Methods In this retrospective cohort study, we implemented model development and performance comparison on database of The Fourth Affiliated Hospital of Zhejiang University School of Medicine (2019.1-2020.12). The patients were followed up for 2 years. Follow-up endpoint was the occurrence of MACCEs. We extracted clinical baseline data from each ACS patient within 24 hours of hospital admission and randomly divided the datasets into 70% for model training and 30% for model validation. Area under the curve (AUC) was used to compare the prediction performance of XGBoost, SGD and KNN. A decision tree model was constructed to predict the probability of MACCEs using a combination of weight features picked by XGBoost and clinical significance.

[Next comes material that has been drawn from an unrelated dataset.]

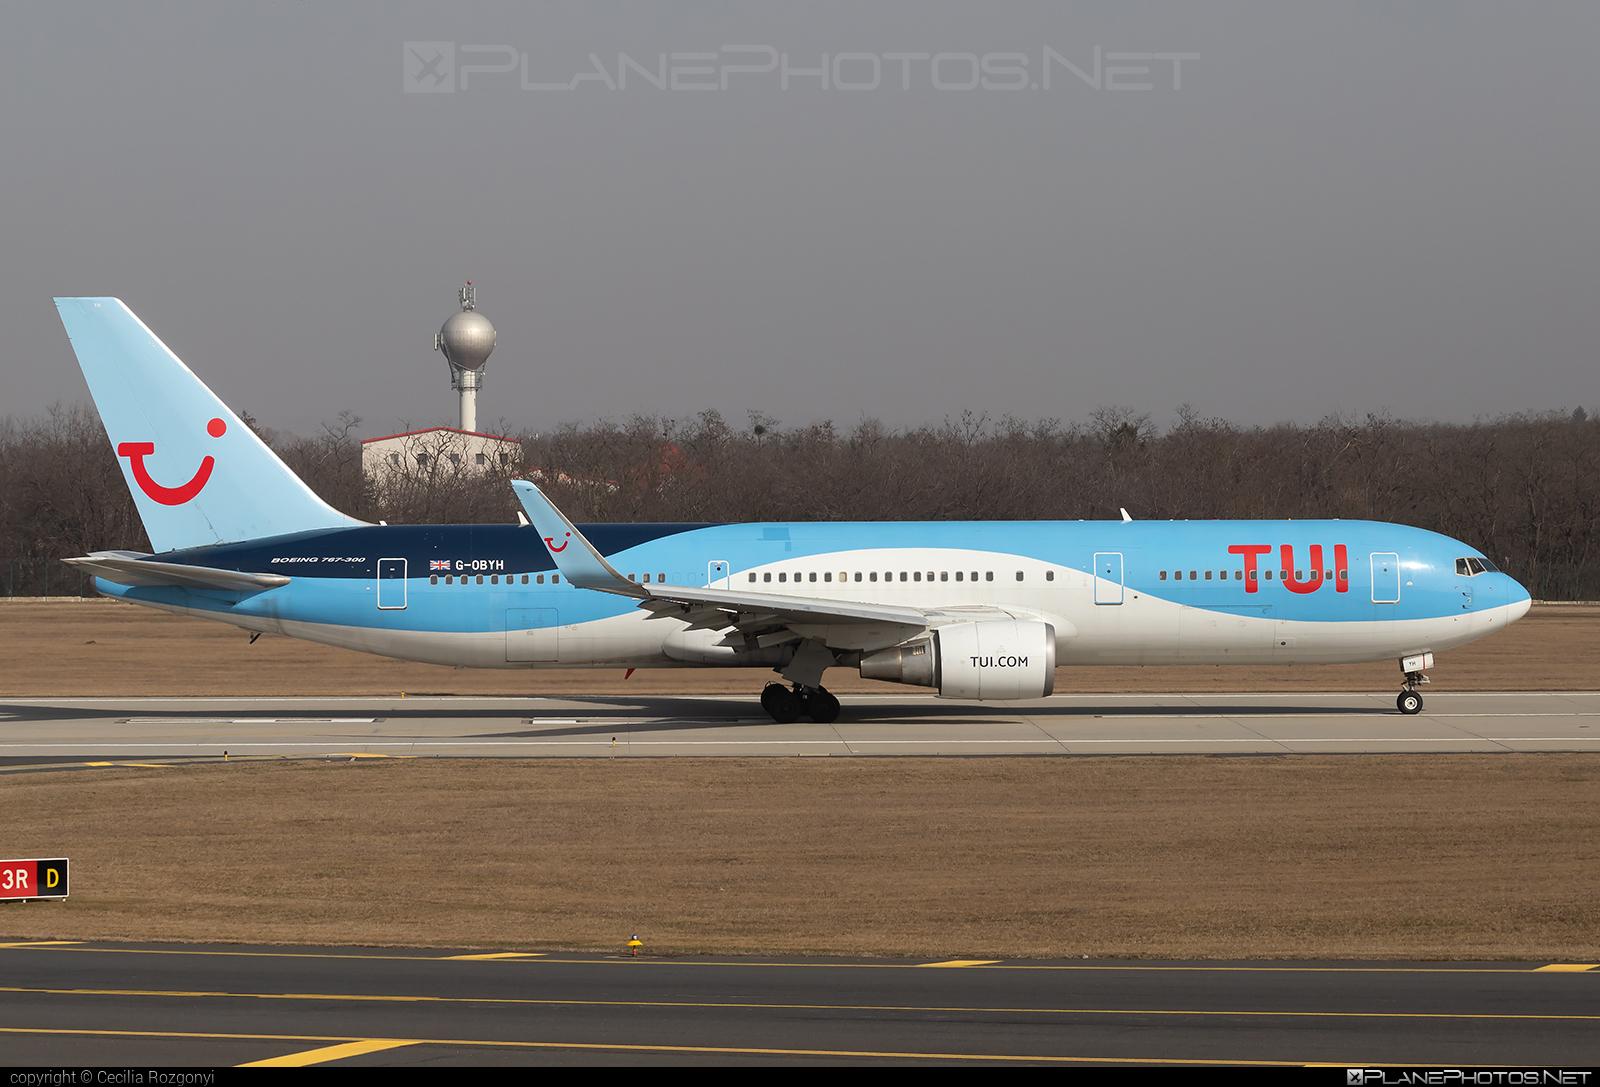 Boeing 767-300ER - G-OBYH operated by TUI Airways #b767 #b767er #boeing #boeing767 #tuiairways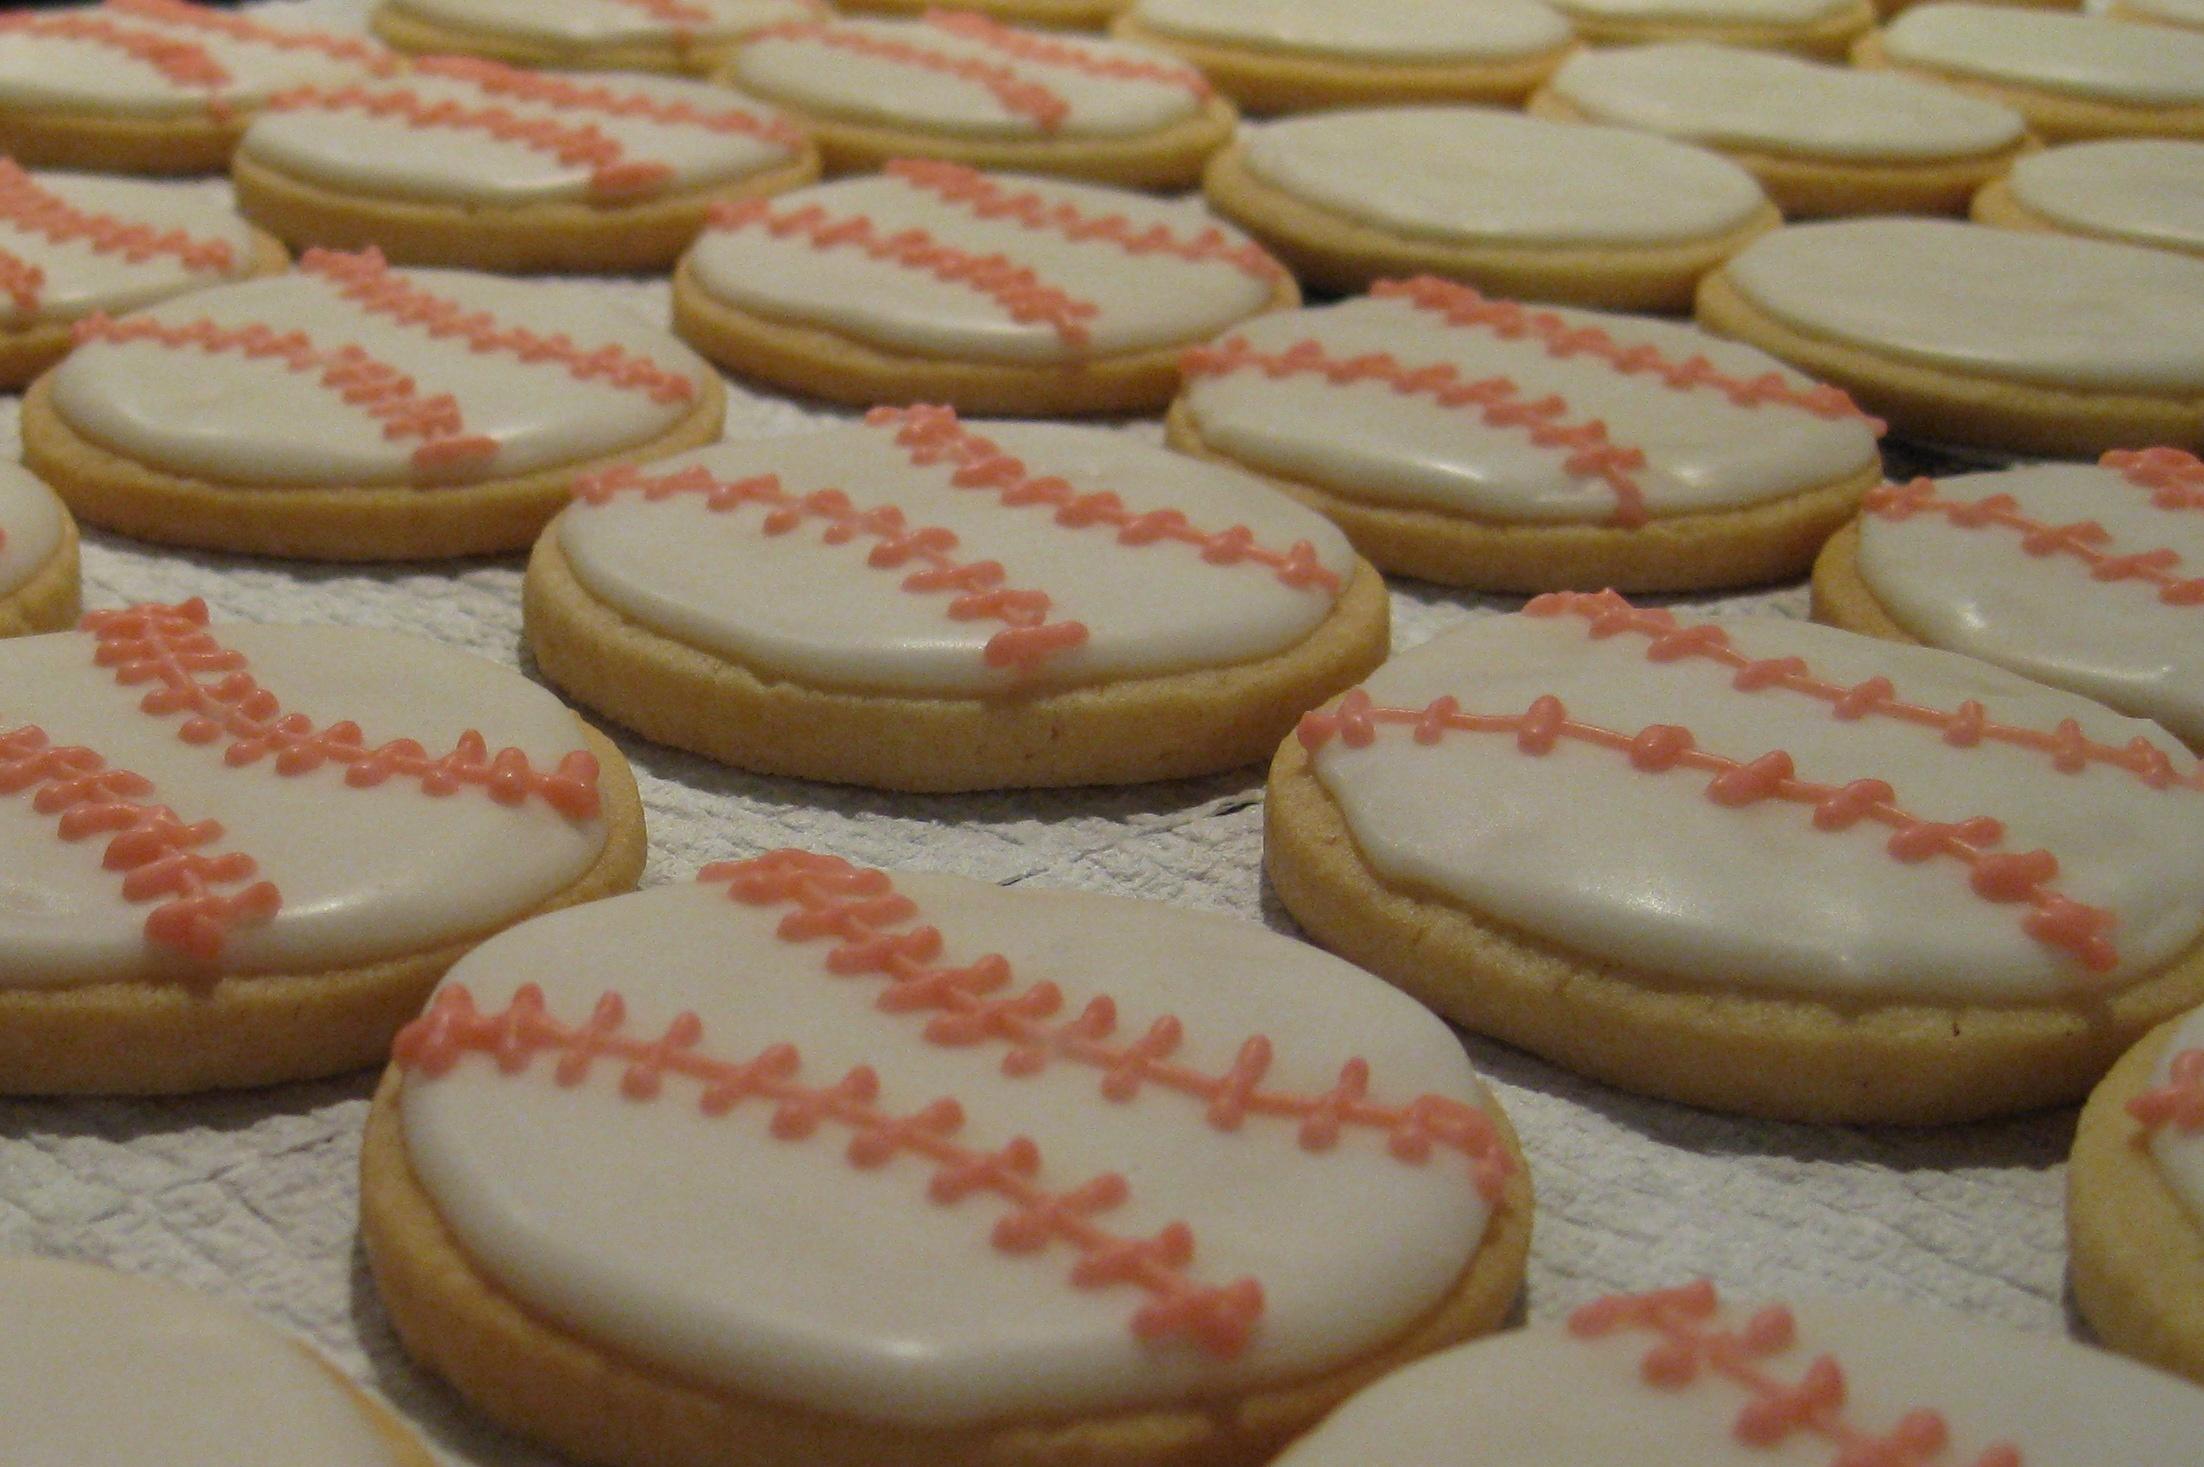 Cakes, cake, Cupcakes, Cookies, Cupcake, Bakery, Jersey city

Results A total of 361 ACS patients who met the study criteria were included in this study. It could be observed that the probability of a recurrent MACCEs within 2 years was 25.2%. XGboost had the best predictive efficacy (AUC:0.97). GS has high clinical significance. Then we used GS, Age and CK-MB to construct a decision tree model to predict the probability model of MACCEs reoccurring, and the final AUC value reached 0.771.
Conclusions GS is a powerful indicator for assessing the prognosis of patients with ACS. The cut-off value of GS in the decision tree model provides a reference standard for grading the risk level of patients with ACS.
1. Introduction
Currently, the incidence of Acute Coronary Syndrome (ACS) remains high globally. As an acute episode of coronary heart disease (CAD), ACS has a relatively higher mortality and morbidity [1,2]. The Framingham Heart Study’s 10-year follow-up data revealed that the incidence of ACS events increases dramatically with age [3,4].
For ACS, percutaneous coronary intervention (PCI) has been formalized as an effective treatment [5,6]. Patients with ACS often have a combination of clinical risk factors, such as hypertension, cerebral infarction, diabetes mellitus, smoking, and so on. Therefore they have a higher probability of recurrent Major Adverse Cardiac and Cerebrovascular Events (MACCEs) after emergency PCI [7,8].
Scholars at home and abroad have launched a large number of studies to investigate the prediction of long-term MACCEs in patients with ACS. They developed indicators like TACE/ADAM17, Triglyceride-glucose index, HEART SCORE, Systemic immune-inflammation index (SII) and so on [7,9-11]. These predictors have achieved relatively satisfactory results. Unfortunately, none of them are directly linked to the ACS, but rather an indirectly mediated.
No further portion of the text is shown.